Section 50A, added Pub. L. 92–178, title VI, §601(b), Dec. 10, 1971, 85 Stat. 554; amended Pub. L. 93–406, title II, §§2001(g)(2)(B), 2002(g)(2), 2005(c)(4), Sept. 2, 1974, 88 Stat. 957, 968, 991; Pub. L. 94–12, title IV, §401(a)(1), (2), Mar. 29, 1975, 89 Stat. 45; Pub. L. 94–401, §4(a), Sept. 7, 1976, 90 Stat. 1217; Pub. L. 94–455, title V, §503(b)(4), title XIX, §§1901(a)(6), (b)(1)(D), 1906(b)(13)(A), title XXI, §2107(a)(1)–(3), (b), (c), Oct. 4, 1976, 90 Stat. 1562, 1765, 1790, 1834, 1903, 1904; Pub. L. 95–600, title III, §322(a)–(c), Nov. 6, 1978, 92 Stat. 2836, 2837; Pub. L. 96–178, §6(c)(1), Jan. 2, 1980, 93 Stat. 1298; Pub. L. 96–222, title I, §103(a)(7)(D)(i), Apr. 1, 1980, 94 Stat. 211; Pub. L. 97–34, title II, §207(c)(1), Aug. 13, 1981, 95 Stat. 225; Pub. L. 97–248, title I, §265(b)(2)(A)(ii), Sept. 3, 1982, 96 Stat. 547; Pub. L. 97–354, §5(a)(9), Oct. 19, 1982, 96 Stat. 1693, provided for a credit for expenses of work incentive programs, for the determination of the amount of that credit, and for the carryover and carryback of unused credit.

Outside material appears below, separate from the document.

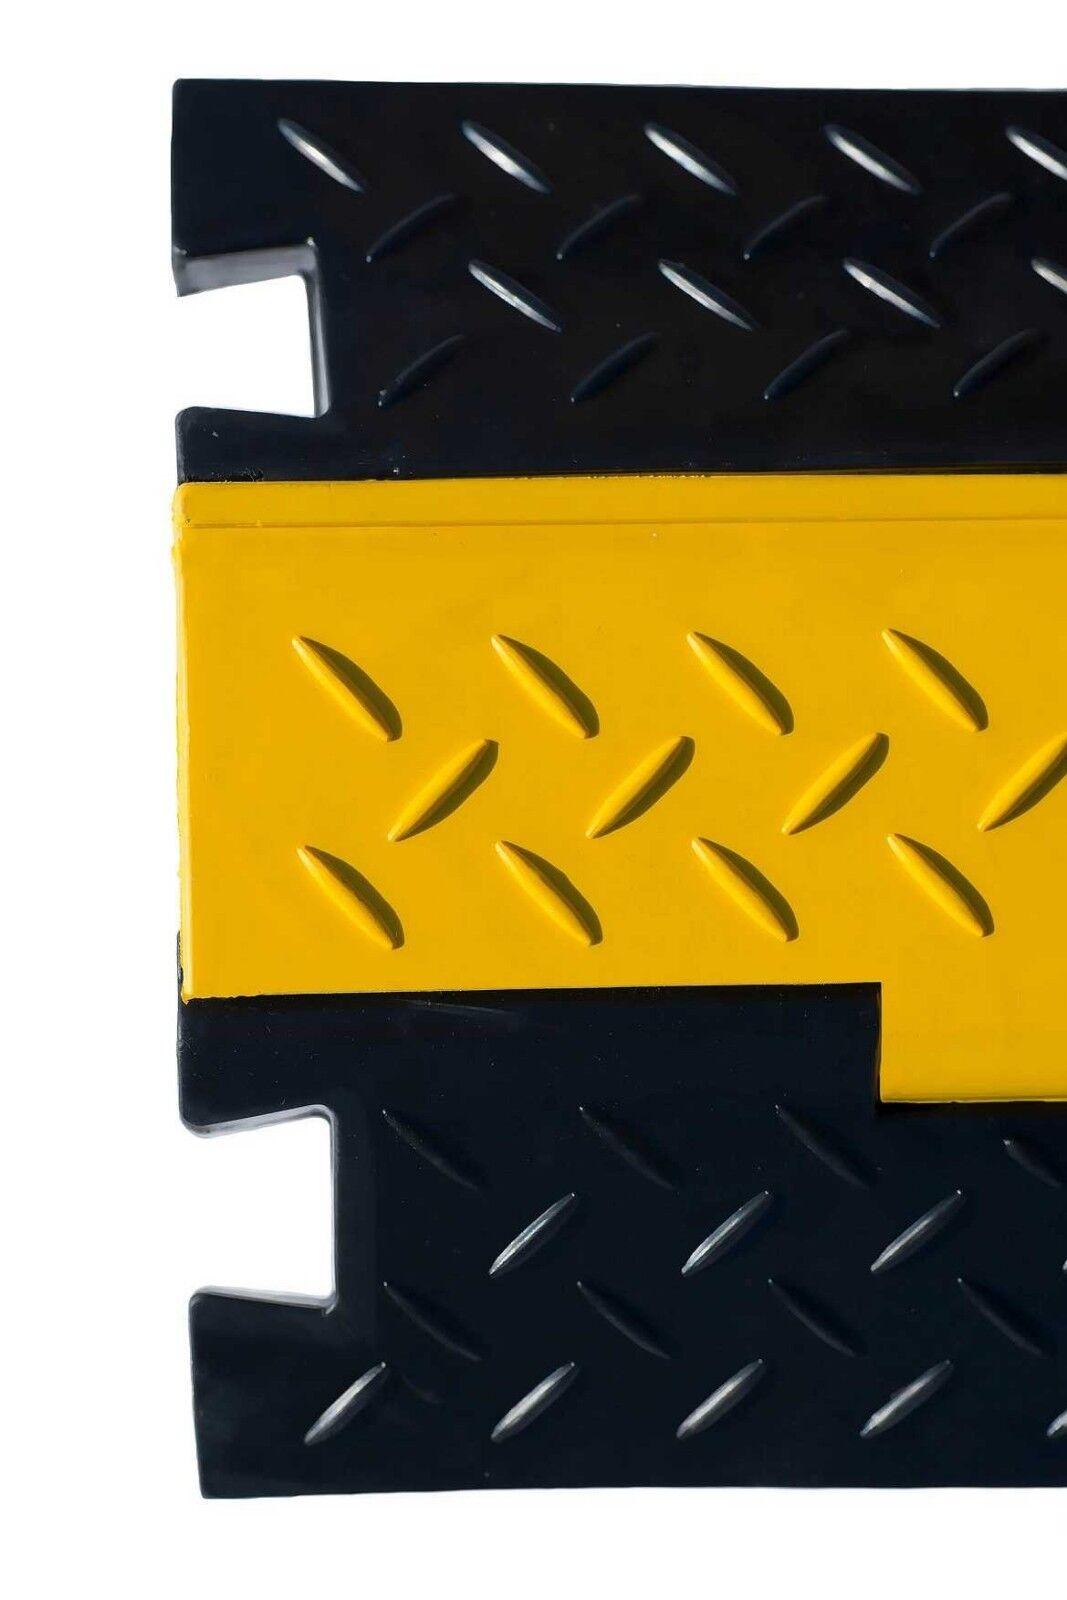 Hell 10x 2 Kanal Kabelbrücke Eco Kabelkanal Gummibrücke Cable Protector Kabelschutz Baustellengeräte & -ausrüstung Musikinstrumente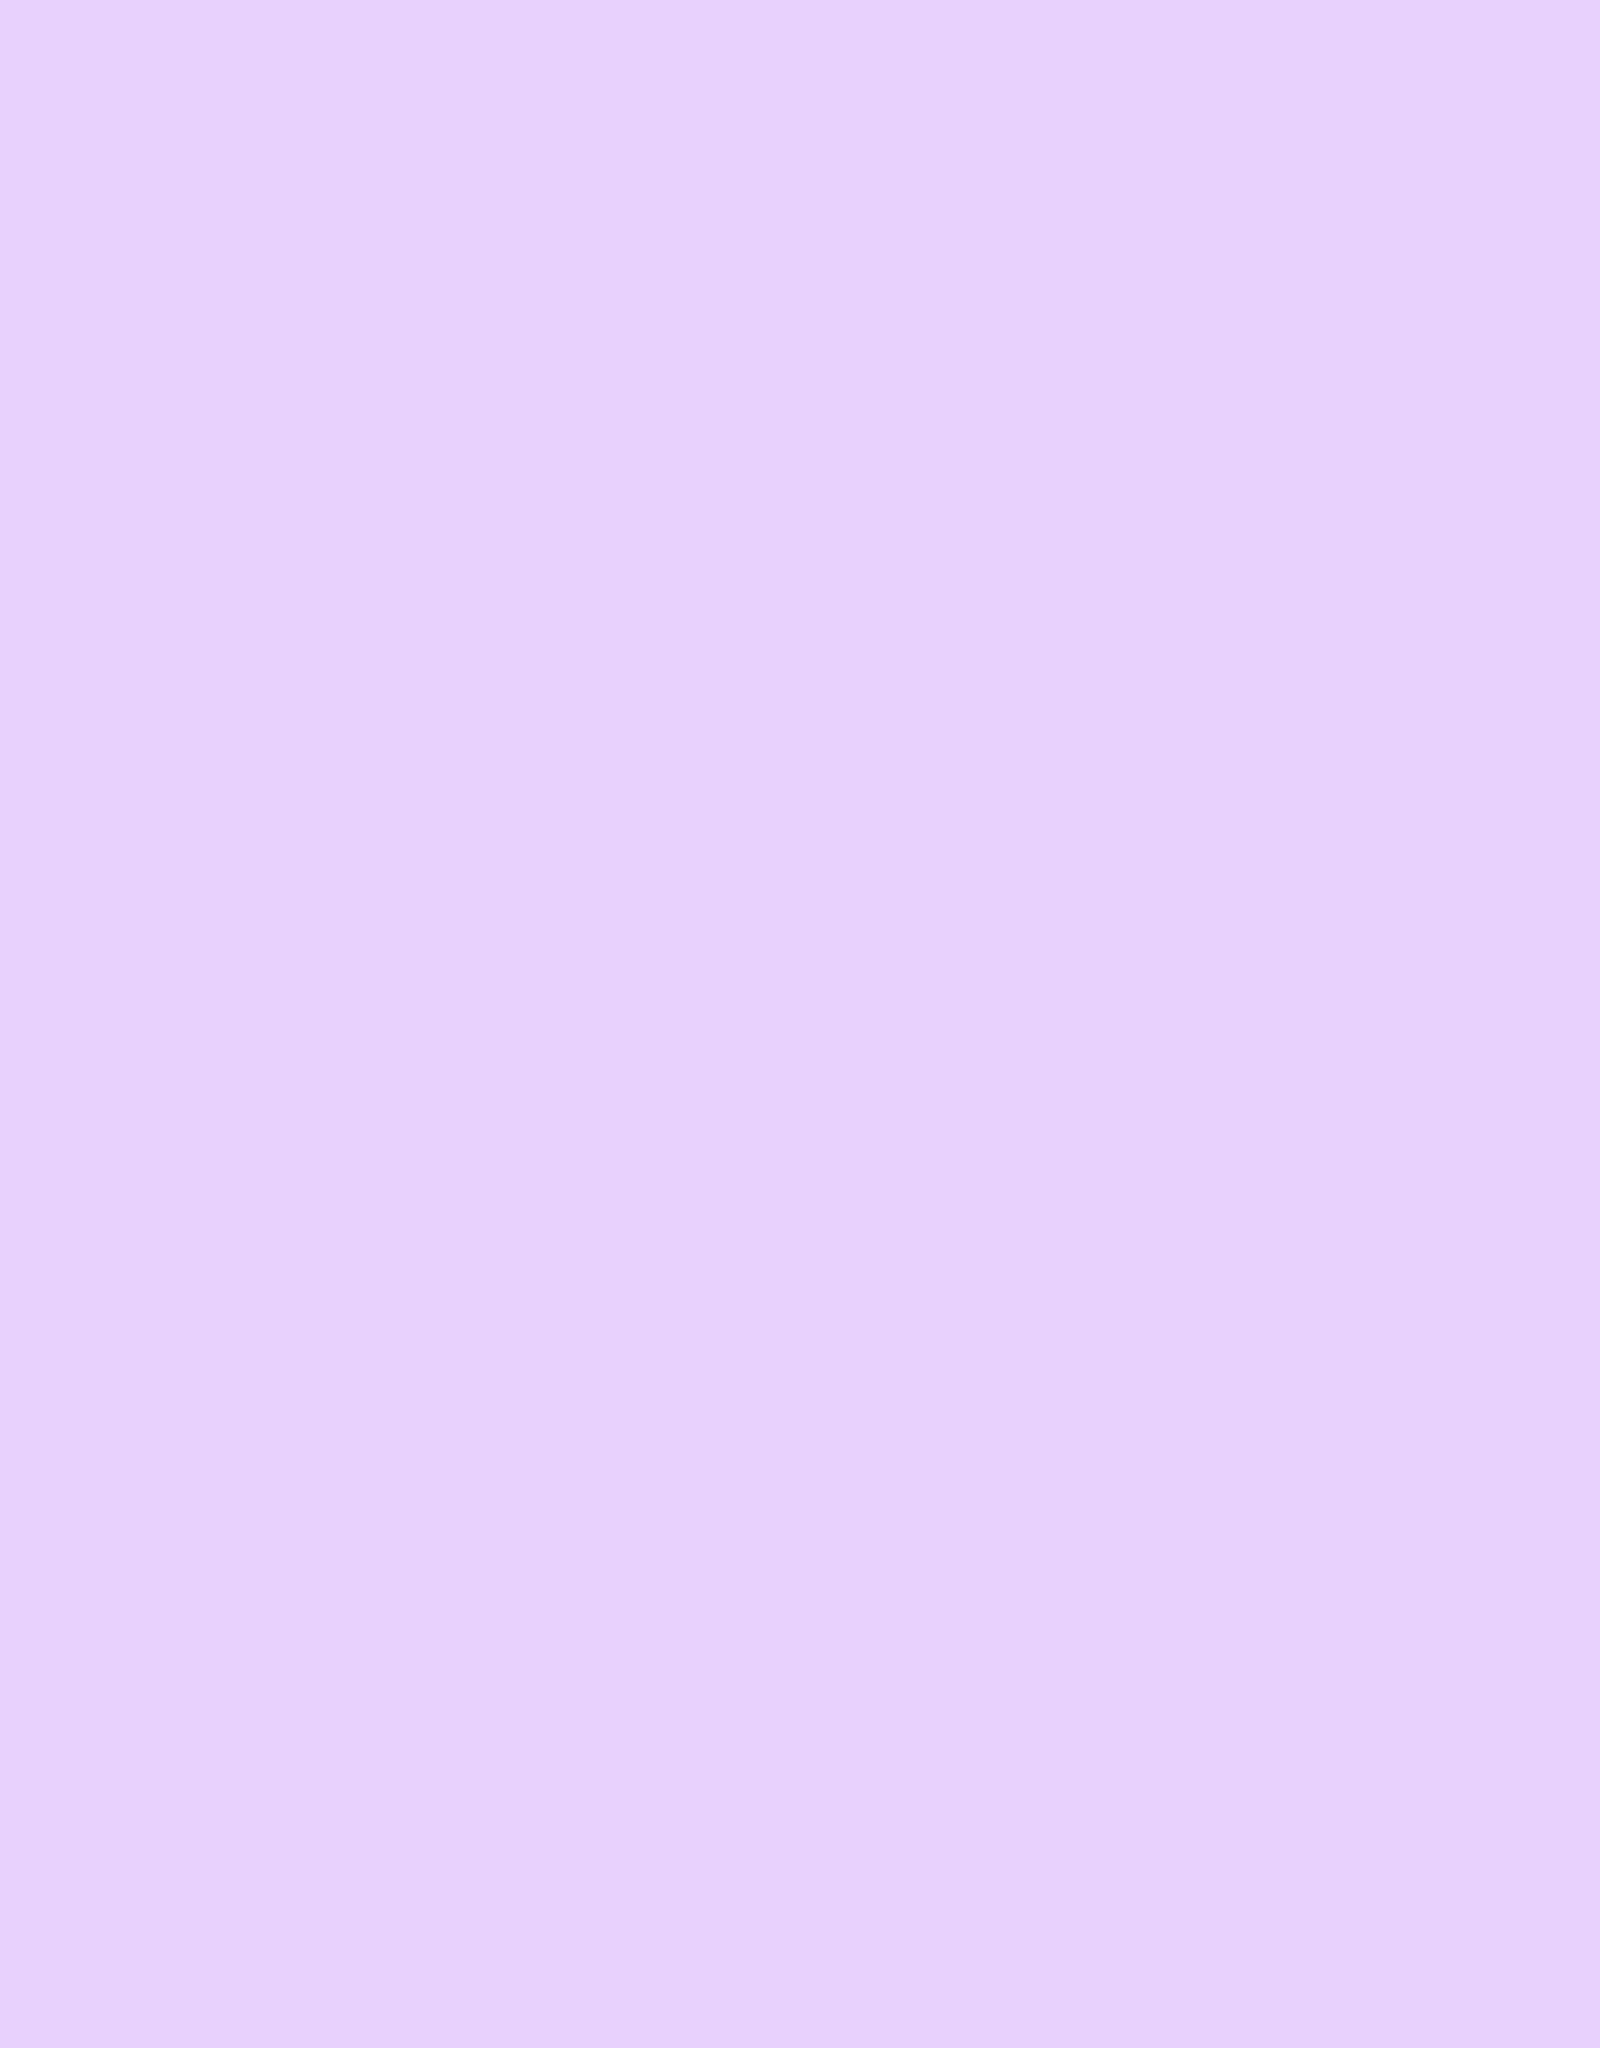 Plain Polycotton #2

Section 50B, added Pub. L. 92–178, title VI, §601(b), Dec. 10, 1971, 85 Stat. 556; amended Pub. L. 94–12, title III, §302(c)(4), title IV, §401(a)(3)–(5), Mar. 29, 1975, 89 Stat. 44, 46; Pub. L. 94–401, §4(b), Sept. 7, 1976, 90 Stat. 1218; Pub. L. 94–455, title XIX, §1906(b)(13)(A), title XXI, §2107(a)(4), (d)–(f), Oct. 4, 1976, 90 Stat. 1834, 1903, 1904; Pub. L. 95–171, §1(e), Nov. 12, 1977, 91 Stat. 1353; Pub. L. 95–600, title III, §322(d), Nov. 6, 1978, 92 Stat. 2837; Pub. L. 96–178, §§3(a)(1), (3), 6(c)(2), (3), Jan. 2, 1980, 93 Stat. 1295, 1298; Pub. L. 96–222, title I, §103(a)(5), (7)(C), (D)(ii), (iii), Apr. 1, 1980, 94 Stat. 209, 211; Pub. L. 96–272, title II, §208(b)(1), (2), June 17, 1980, 94 Stat. 526, 527; Pub. L. 97–34, title II, §261(b)(2)(B)(i), Aug. 13, 1981, 95 Stat. 261; Pub. L. 97–354, §5(a)(10), Oct. 19, 1982, 96 Stat. 1693; Pub. L. 101–239, title VII, §7644, Dec. 19, 1989, 103 Stat. 2381, provided for the definition of terms related to the expenses of work incentive programs, limitations on such expenses, and special rules to be applied in connection with the computation of the credit.

Subsequent to repeal, Pub. L. 101–239, title VII, §7644(a), Dec. 19, 1989, 103 Stat. 2381, provided that:

"(a) In General.—So much of subparagraph (A) of section 50B(h)(1) of the Internal Revenue Code of 1954 (as in effect for taxable years beginning before January 1, 1982) as precedes clause (i) thereof is amended to read as follows:

" '(A) who has been certified (or for whom a written request for certification has been made) on or before the day the individual began work for the taxpayer by the Secretary of Labor or by the appropriate agency of State or local government as—'.

"(b) Effective Date.—The amendment made by subsection (a) shall apply for purposes of credits first claimed after March 11, 1987."


Statutory Notes and Related Subsidiaries

Effective Date of Repeal

Repeal applicable to taxable years beginning after Dec. 31, 1983, and to carrybacks from such years, see section 475(a) of Pub. L. 98–369, set out as an Effective Date of 1984 Amendment note under section 21 of this title.